Setting patterns

Talend Big Data Platform Getting Started Guide

author
Talend Documentation Team
EnrichVersion
6.4
EnrichProdName
Talend Big Data Platform
task
Design and Development
Installation and Upgrade
Data Quality and Preparation > Cleansing data
Data Quality and Preparation > Profiling data
This column analysis uses predefined patterns to match the content of the Email and Phone columns against standard email and US phone patterns respectively. This defines the content, structure and quality of emails and phone numbers and give a percentage of the data that match the standard formats and the data that does not match.

Before you begin

Procedure

  1. In the Data Preview section in the analysis editor, click the icon next to the Email column to open the [Pattern Selector] dialog box.
  2. Expand Regex > internet, select the Email Address check box and click OK to close the dialog box.

    The pattern is added to the column in the Analyzed Columns section.

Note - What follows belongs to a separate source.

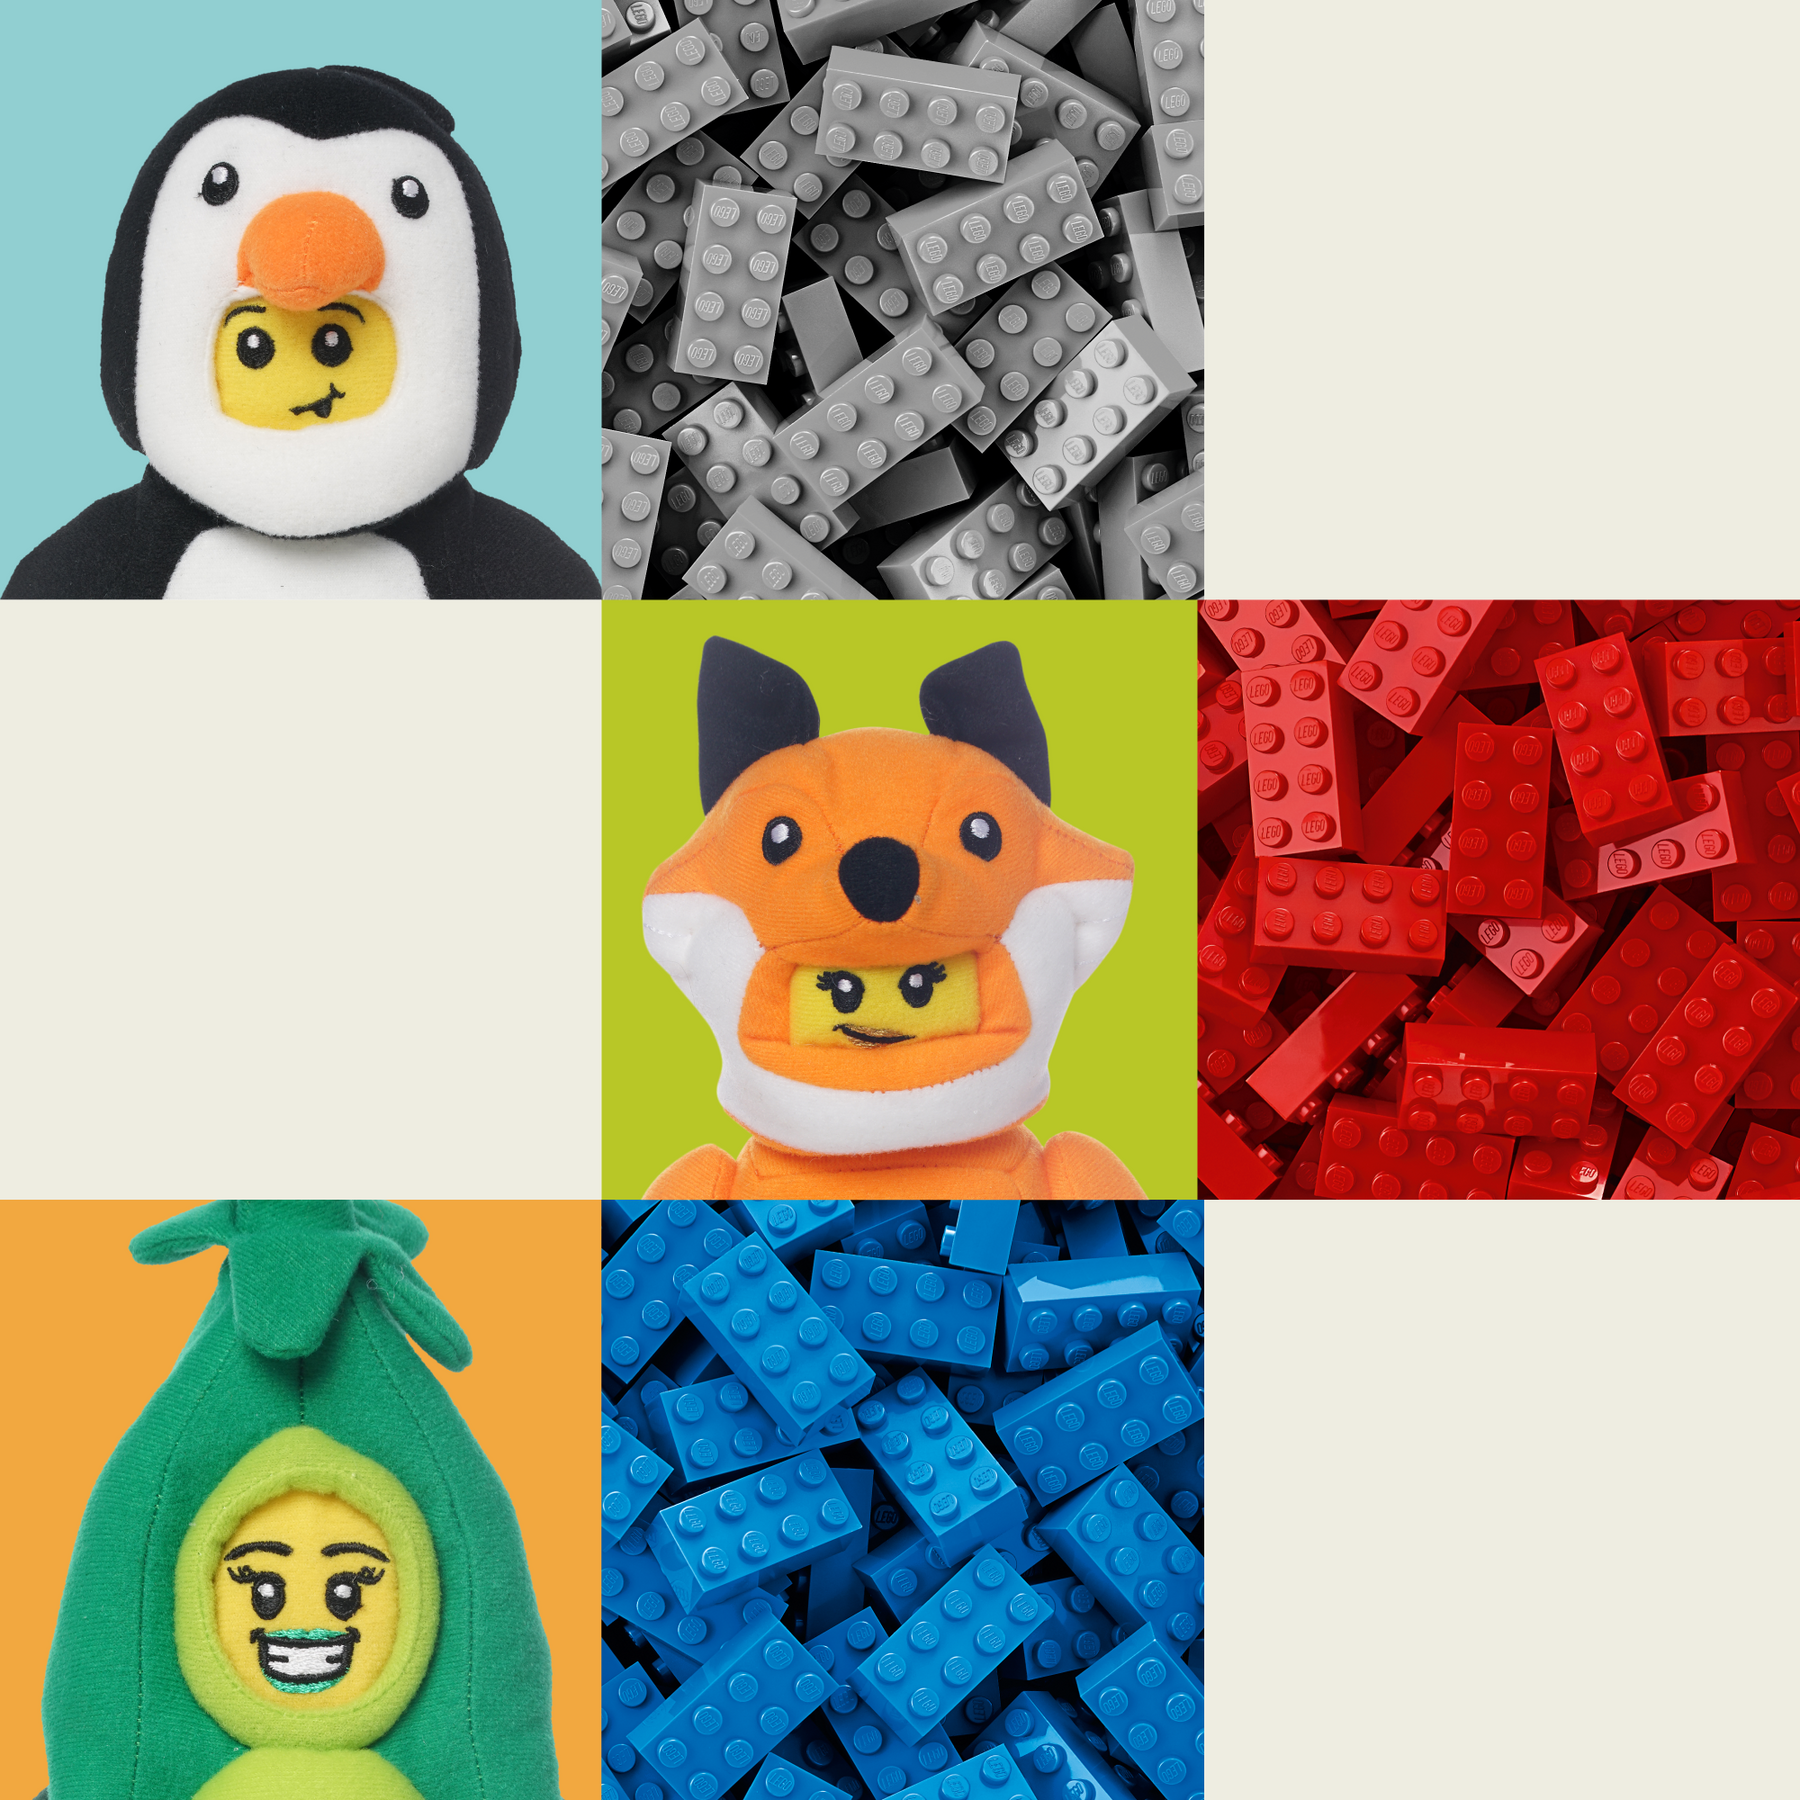 LEGO Plush characters on different colored backgrounds

  3. Click the icon next to the Phone column to open the [Pattern Selector] dialog box.
  4. Expand Regex > phone, select the US phone numbers check box and click OK to close the dialog box.

    The pattern is added to the column in the Analyzed Columns section.

  5. Click the icon next to the Email Address and US phone numbers patterns and set 98.0 in the Lower threshold (%) fields.

    If the number of the records that match the patterns is fewer than 98%, it will be written in red in the analysis results.